= Bhamaha =

7th century Sanskrit poetician

Bhamaha (भामह, ) (c. 7th century) was a Sanskrit poetician believed to be contemporaneous with Daṇḍin. He is noted for writing a work called the Kavyalankara (काव्यालङ्कार, ) ("The ornaments of poetry"). For centuries, he was known only by reputation, until manuscripts of the Kāvyālaṃkāra came to the attention of scholars in the early 1900s.

==Biography==
Bhamaha was apparently from Kashmir.

Little is known of Bhāmaha's life: the last verse of the Kāvyālaṃkāra says his father was called Rakrilagomin, but little more is known:

Later Kashmiri writers often treat Bhāmaha as the founding father of Sanskrit poetics and, by the same token, make him stand for everything that is old school, a trend that must have begun with Udbhaṭa (c. 800) and his vast commentary on Bhāmaha’s work. This Kashmiri connection has led many to assume that Bhāmaha, too, hailed from the northern vale. But if this is the case, then, unlike many of his followers, whose patrons, positions, and, in some cases, salaries are referred to by Kalhaṇa, Bhāmaha does not receive any mention in the famous chronicle of Kashmir’s courts, the Rājataraṅgiṇī (River of Kings).

Bhāmaha is rather seldom mentioned as a poet by later commentators, but seems to have had a significant reputation as a grammarian, being cited by the eighth-century Śāntarakṣita. The Bhāmaha who composed the Kāvyālaṃkāra might also be the same person as the one who composed a commentary on Vararuchi's Prākṛtaprakāáa, a Prakrit grammar, and a few other works have also been tentatively attributed to him.

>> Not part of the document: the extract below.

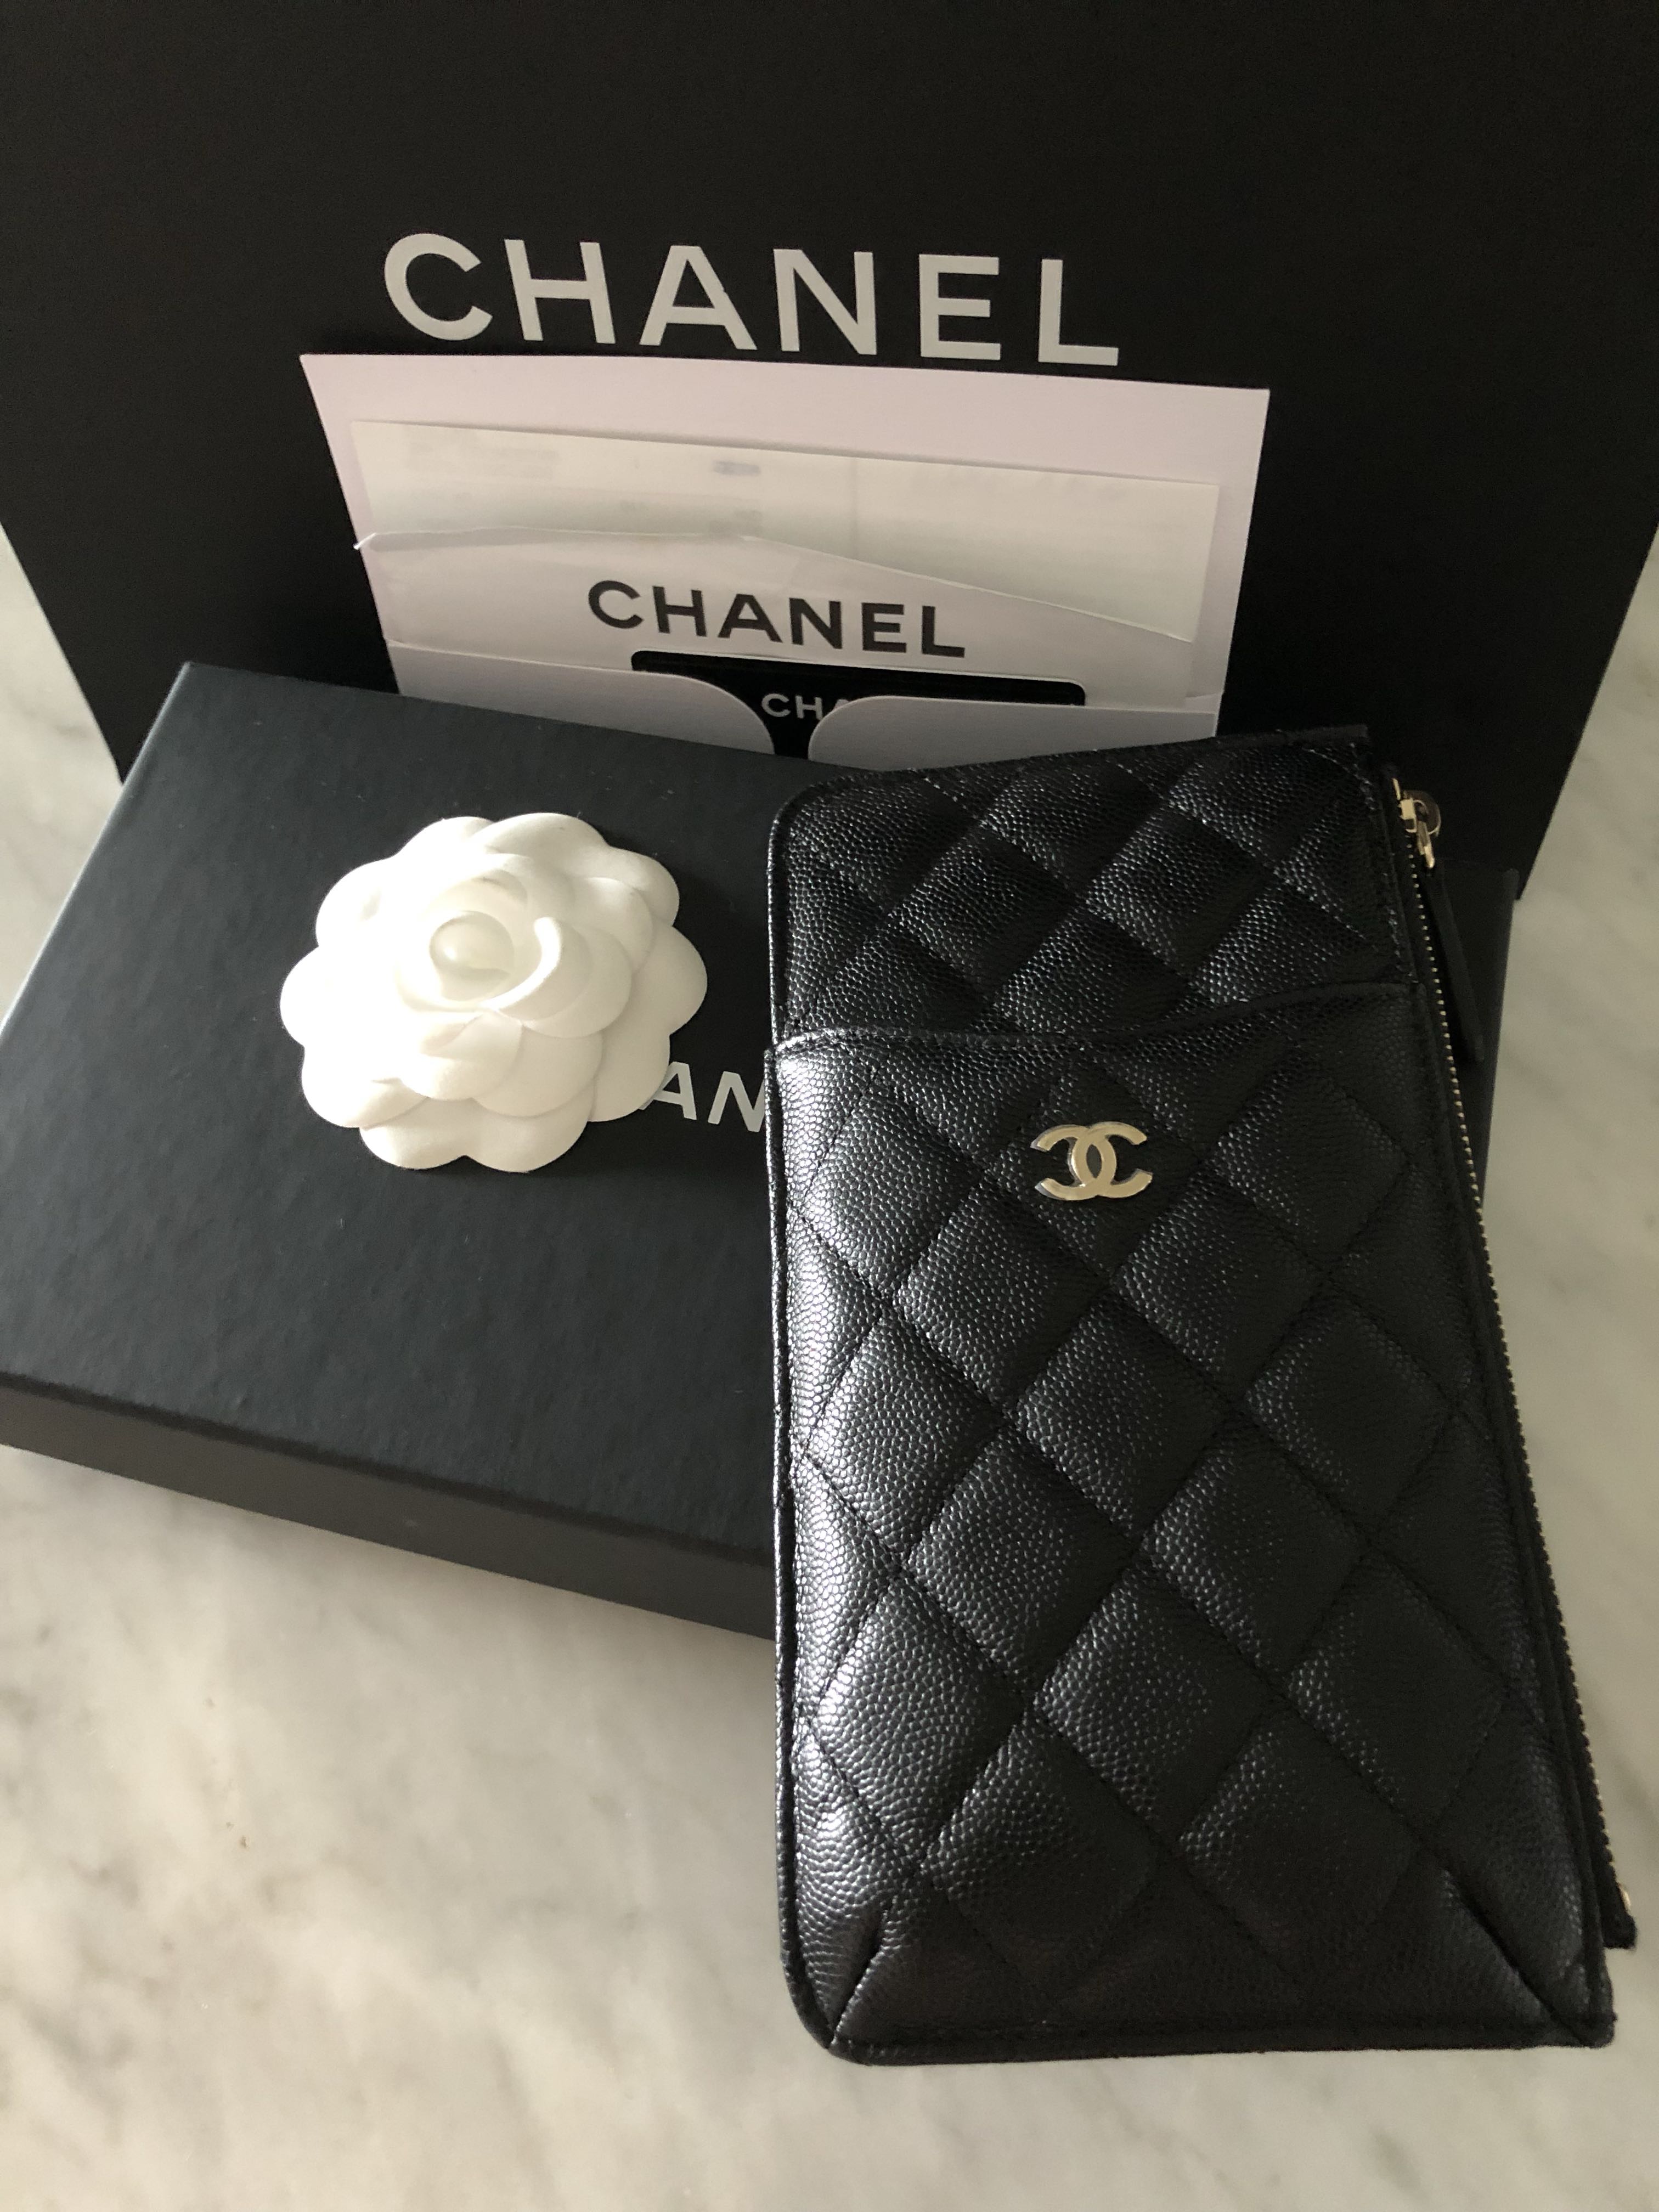 Authentic Chanel classic pouch, Fashion, & Wallets, Purses & Pouches on Carousell

The Kāvyālaṃkāra has, however, been widely recognised as similar to and in many ways in disagreement with the Kāvyādarśa by Daṇḍin. Although modern scholars have debated which scholar was borrowing from which, or who was responding to whom, recent work suggests that Bhāmaha was the earlier scholar, and that Daṇḍin was responding to him. This would place Bhāmaha no later than the early 600s.

==Kāvyālaṃkāra==
Bhamaha's Kāvyālaṃkāra is divided into six paricchedas (chapters). It comprises 398 verses, including two verses at the end of the sixth chapter, which briefly describe the number of verses on each of the five topics. In the first verse, Bhamaha calls his work the Kavyalankara.

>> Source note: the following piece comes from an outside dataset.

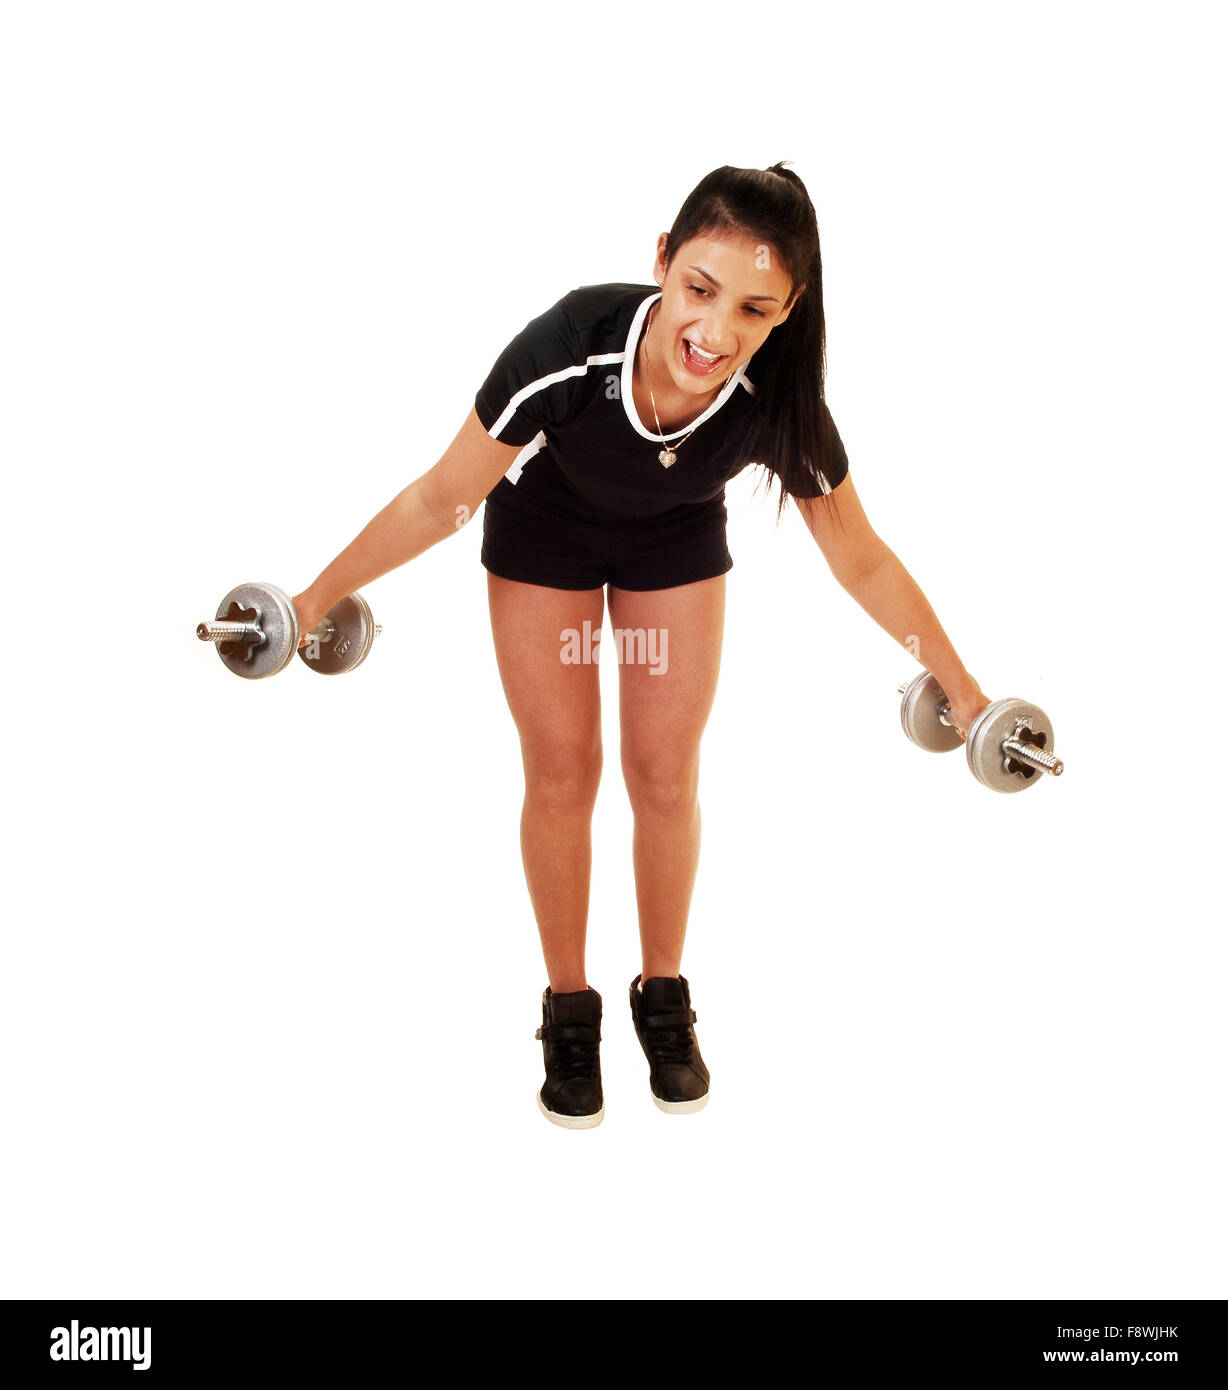 A teenager girl in a black top and shorts standing for white background lifting two dumbbells to exercise her body. Stock Photo

The first chapter comprises 69 verses. After the invocation of Sarva, it defines kavya and describes the qualifications of a good poet. It also narrates various genres and styles of poems, which include Vaidarbhi (from Vidarbha) and Gaudi (from Gauda).

In the beginning of the second chapter, three gunas of poems, namely prasada, madhurya and ojah are discussed.

It is followed by the discussion about the alankaras (figures of speech), which continues till the end of the third chapter.

The fourth chapter discusses the eleven types of doshas (blemishes) of kavya and defines the first ten of these doshas with illustrations.

The fifth chapter discusses the eleventh dosha and its causes. It is based on the Nyaya-Vaisheshika epistemology. The sixth chapter emphasizes the necessity of grammatical accuracy and some practical hints to poets are also provided.

===Editions===

- Kāvyālaṅkāra of Bhāmaha. Ed. Batuk Nāth Śarmā and Baldev Upādhyāya. Kāśī Sanskrit Series 61, 1928. Reprinted, Varanasi: Chaukhambha Sanskrit Sansthan, 1981.
- Kāvyālaṅkāra of Bhāmaha: Edited with English Translation and Notes. P.V. Naganatha Sastry. 2nd ed. Delhi: Motilal Banarsidass, 1970.

===Commentaries===
The only known pre-modern commentary on Kavyalankara is the 'learned and important' Bhamahavivarana or Bhamahavritti by Udbhaṭa. However, only a few fragments of this survive.